But Dazai worried every day about image and reputation, because he loved his mother, or at least Ranpo was pretty sure he did. And his mother was very interested in whether or not Dazai would one day give her a grandson. Adopted, biological, or not – Dazai just needed to have a respectable Academy-dominated job, marry a respectable Academy-educated spouse, and have a respectable Academy-bound heir.

“Dazai, you will not convince me to do that,” Ranpo reiterated. Then, because he thought it would be very funny, he said: “Ask Yosano.” 

Ranpo smiled tongue-in-cheek, but Dazai cut him a glare. “You’re–” 

“Ask Yosano what?” 

Speak of the devil, she swept into the room.
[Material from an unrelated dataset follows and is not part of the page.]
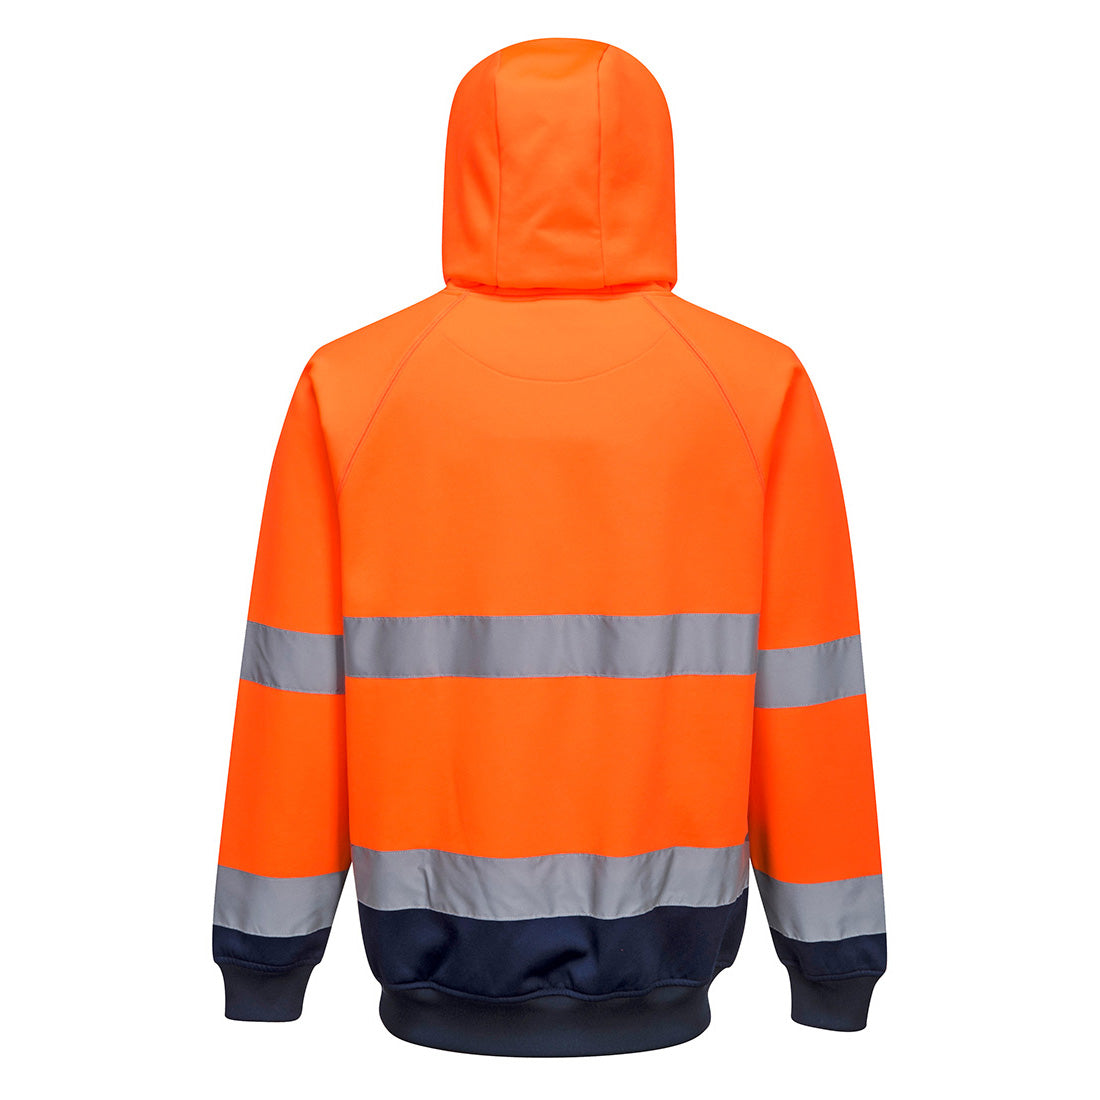 B316 - Two-Tone Hooded Sweatshirt Orange/Navy BACK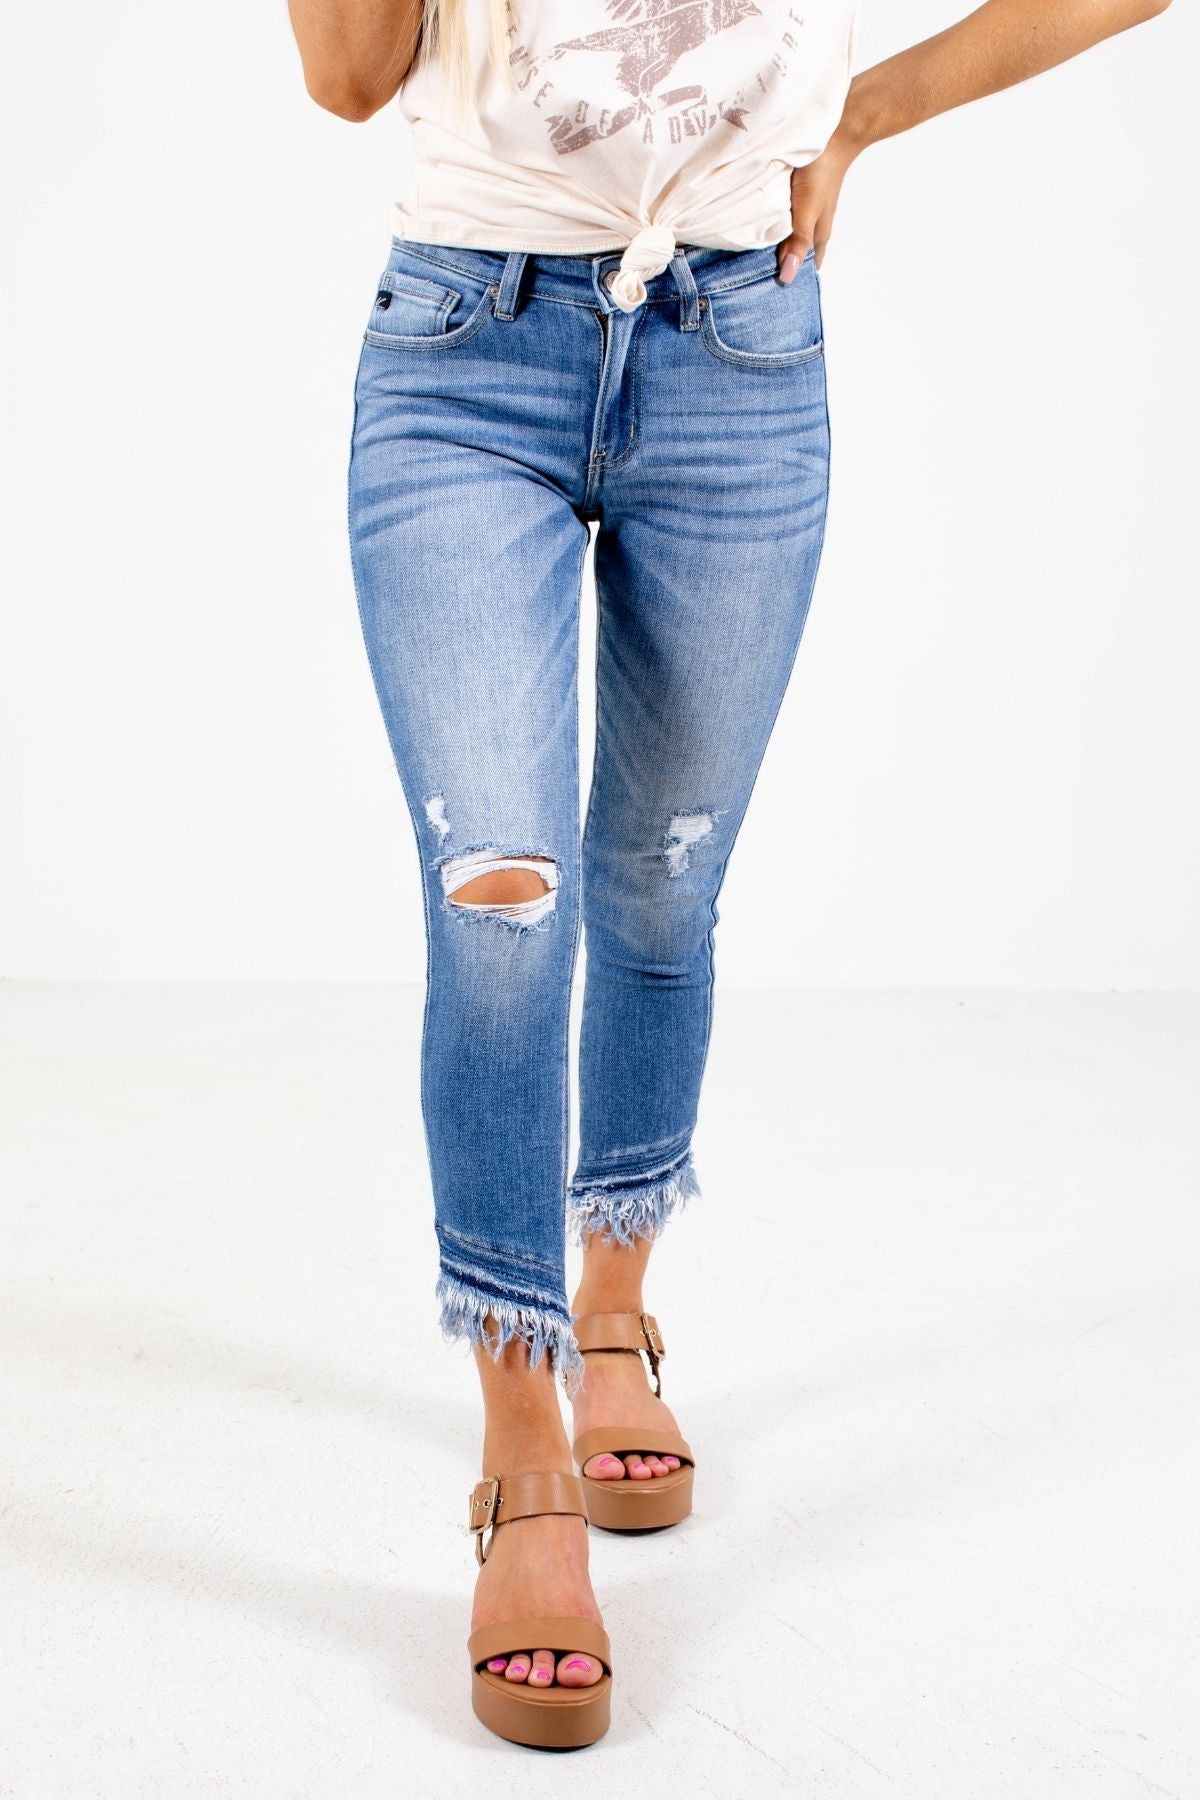 Women's Boutique KanCan Denim Jeans with Pockets

In her big, chunky boots, bigger fluffy coat, and prim uniform, she looked sweet enough, but Ranpo and Dazai were wise and knew to be a little afraid of her. They both clamped their mouths shut immediately. 

She raised her eyebrows as she shed her coat and tossed it on top of Dazai, who did not acknowledge it. He just laid under the mass of fluff, motionless, face blank. “What is it, boys?” She ruffled Dazai’s hair first, then crossed to Ranpo and hooked her arms on top of his chair, peering over him at his homework. When she decided that would give her no answers, she looked back to Dazai, squinting. 

Yosano couldn’t deduce social things nearly as well as Ranpo or Dazai could. Her intellect was mainly medical. But she was sharp as a tack and she knew Ranpo and Dazai better than anyone, and – well – Ranpo loved her, admired her, was fond of her like a brother is to a sister, and he was batshit terrified of her. 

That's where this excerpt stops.